A key new result is the potential of mean force for the extension of the β-switch. The potential, determined through ABF simulations (37–39) carried out at different flow speeds (0 m/s, 25 m/s, 50 m/s), shows a progressive stabilization of the β-hairpin geometry and a lowering of the free energy barrier separating loop and β-hairpin geometries. The change in energy can be attributed to a shift of the balance between entropic and enthalpic contributions. For this purpose, two models, a lattice model for the β-hairpin folding and a freely jointed chain model, demonstrate clearly that under flow conditions only conformations extending far in the flow-direction are accessible.

The findings can be summarized through the flow-dependent energy diagrams sketched in Fig. 9. A key feature here is that even under zero flow, loop form and β-hairpin form are stable. Although the β-hairpin form is only marginally stable, it does not readily unfold. This has been demonstrated in the new study through a zero-flow simulation of the β-switch in a β-hairpin state.

Figure 9.

Schematic representation of the free energy landscape of the β-switch under different flow conditions. (U) Unfolded β-switch in loop state. (F) Folded β-hairpin. (E) Elongated β-switch.

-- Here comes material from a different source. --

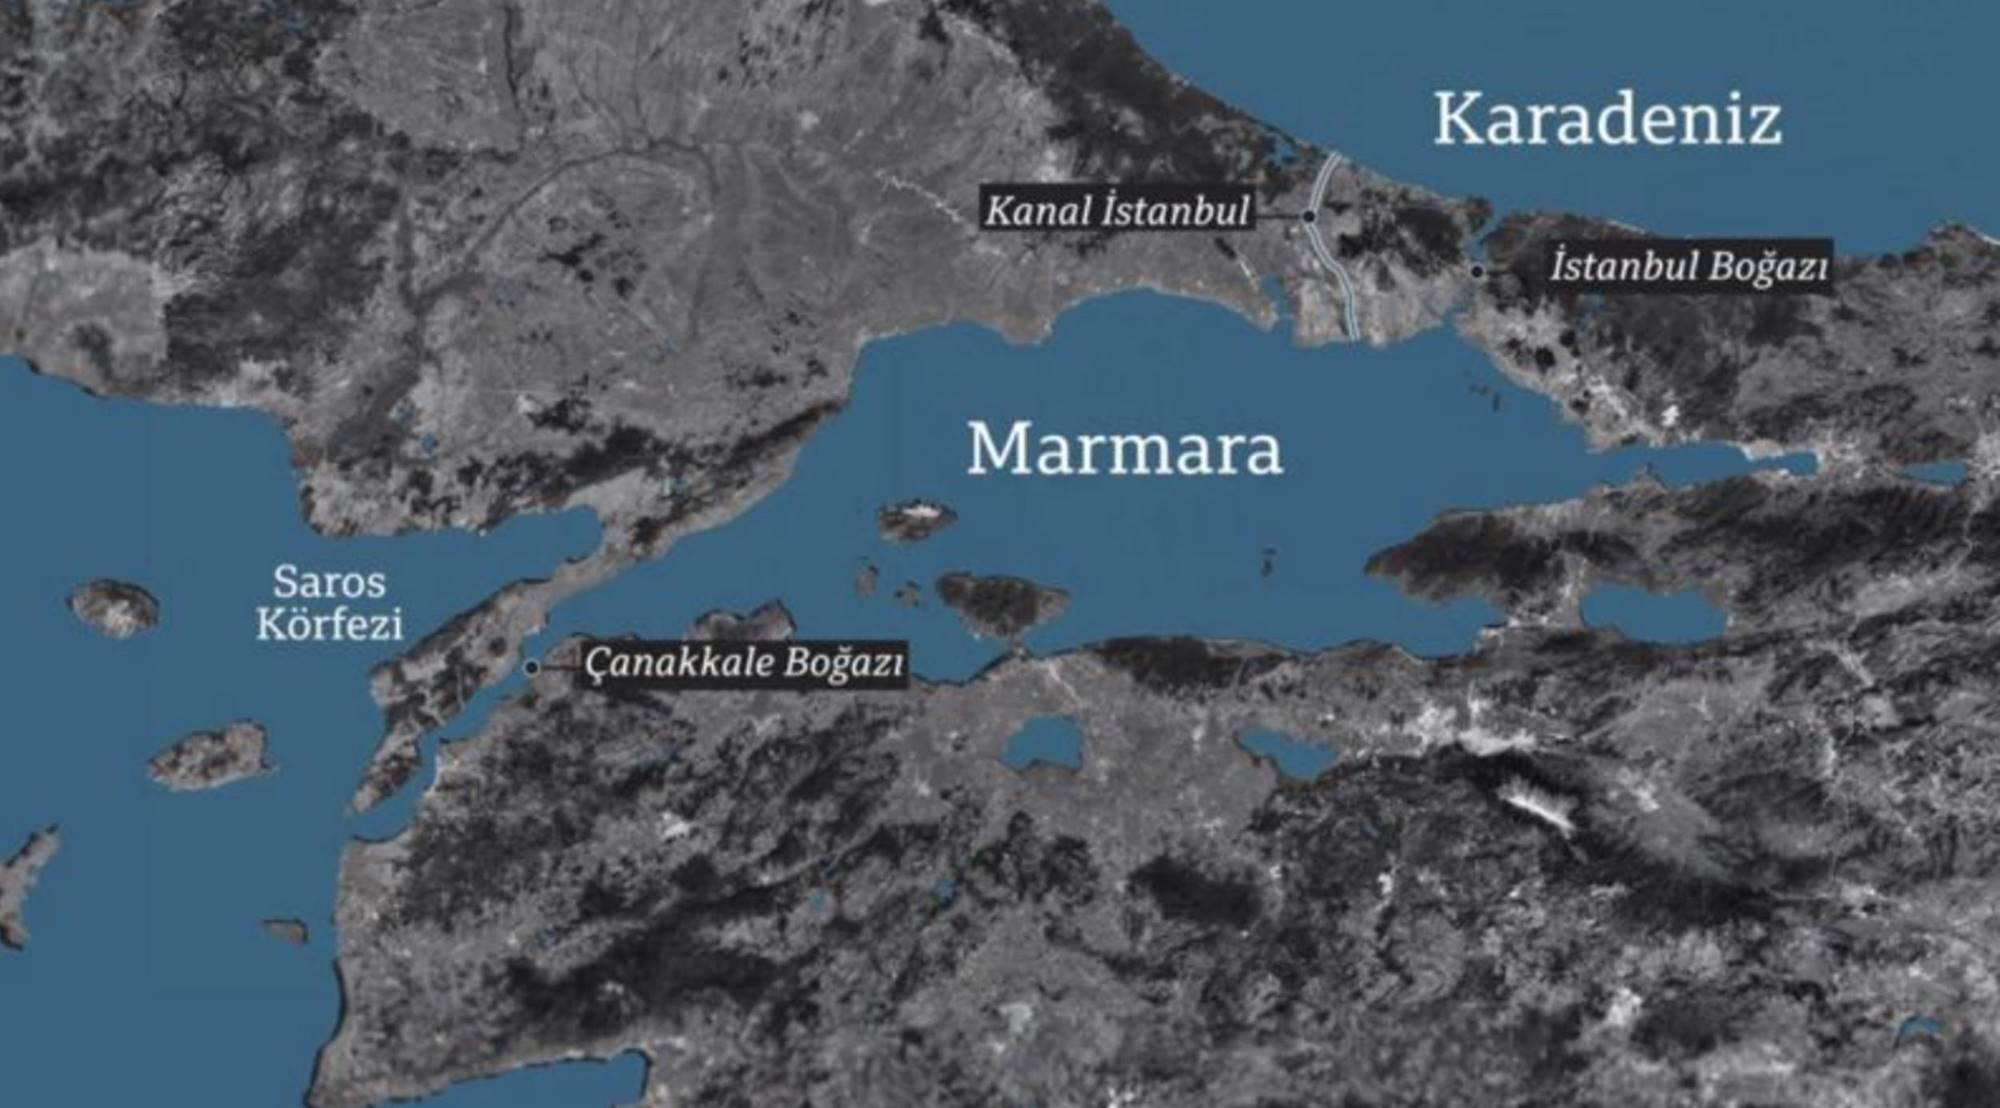 Montrö Sözleşmesi Türkiye'ye hangi hak ve yetkileri sağlıyor?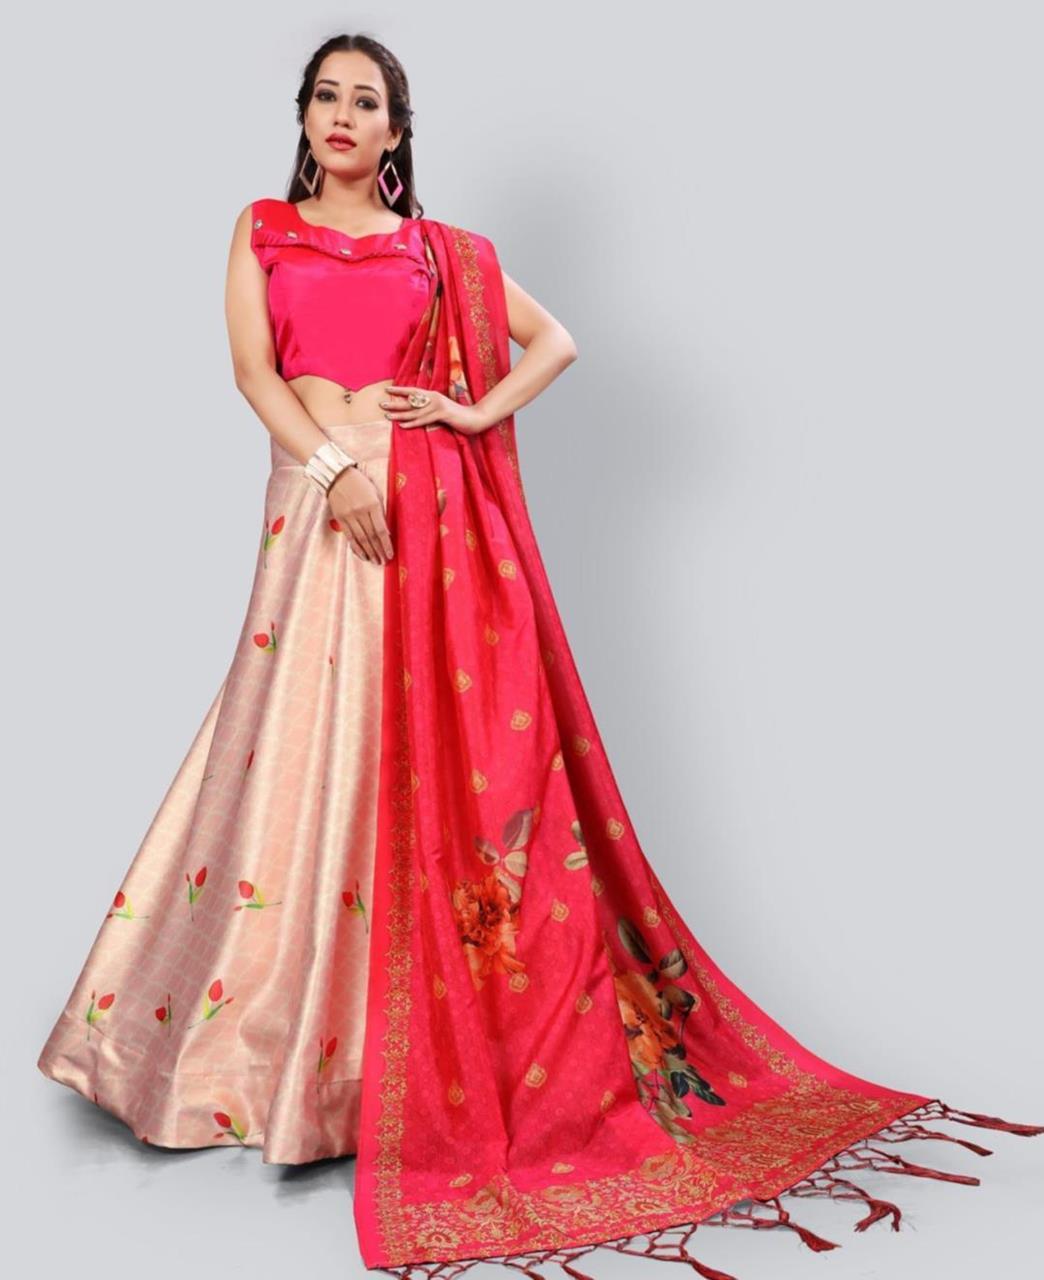 Printed Satin Lehenga in Rani Pink

In summary, our study on flow-induced β-hairpin folding illustrates the role of external force on protein folding. Protein folding in biological cells is driven by many weak forces, some of which stem from within the protein, whereas some stem from the environment. From the environment, external factors such as pH value, temperature, pressure, and movement of water can influence folding. The β-switch of GPIbα adopts a loop conformation without flow, but once a blood vessel is injured, bleeding causes elongational flow (49,50) or turbulent flow. Shear then triggers the β-hairpin folding of the GPIbα β-switch; this conformational change increases the binding affinity of GPIbα to von Willebrand factor and eventually leads to blood clotting, which heals the vessel. Apparently, for the β-switch of GPIbα, the laminar flow prevalent in a healthy blood vessel does not induce elongation. It is amazing how weak environmental effects along with a pluripotent free energy landscape can render a simple protein a highly sensitive detector.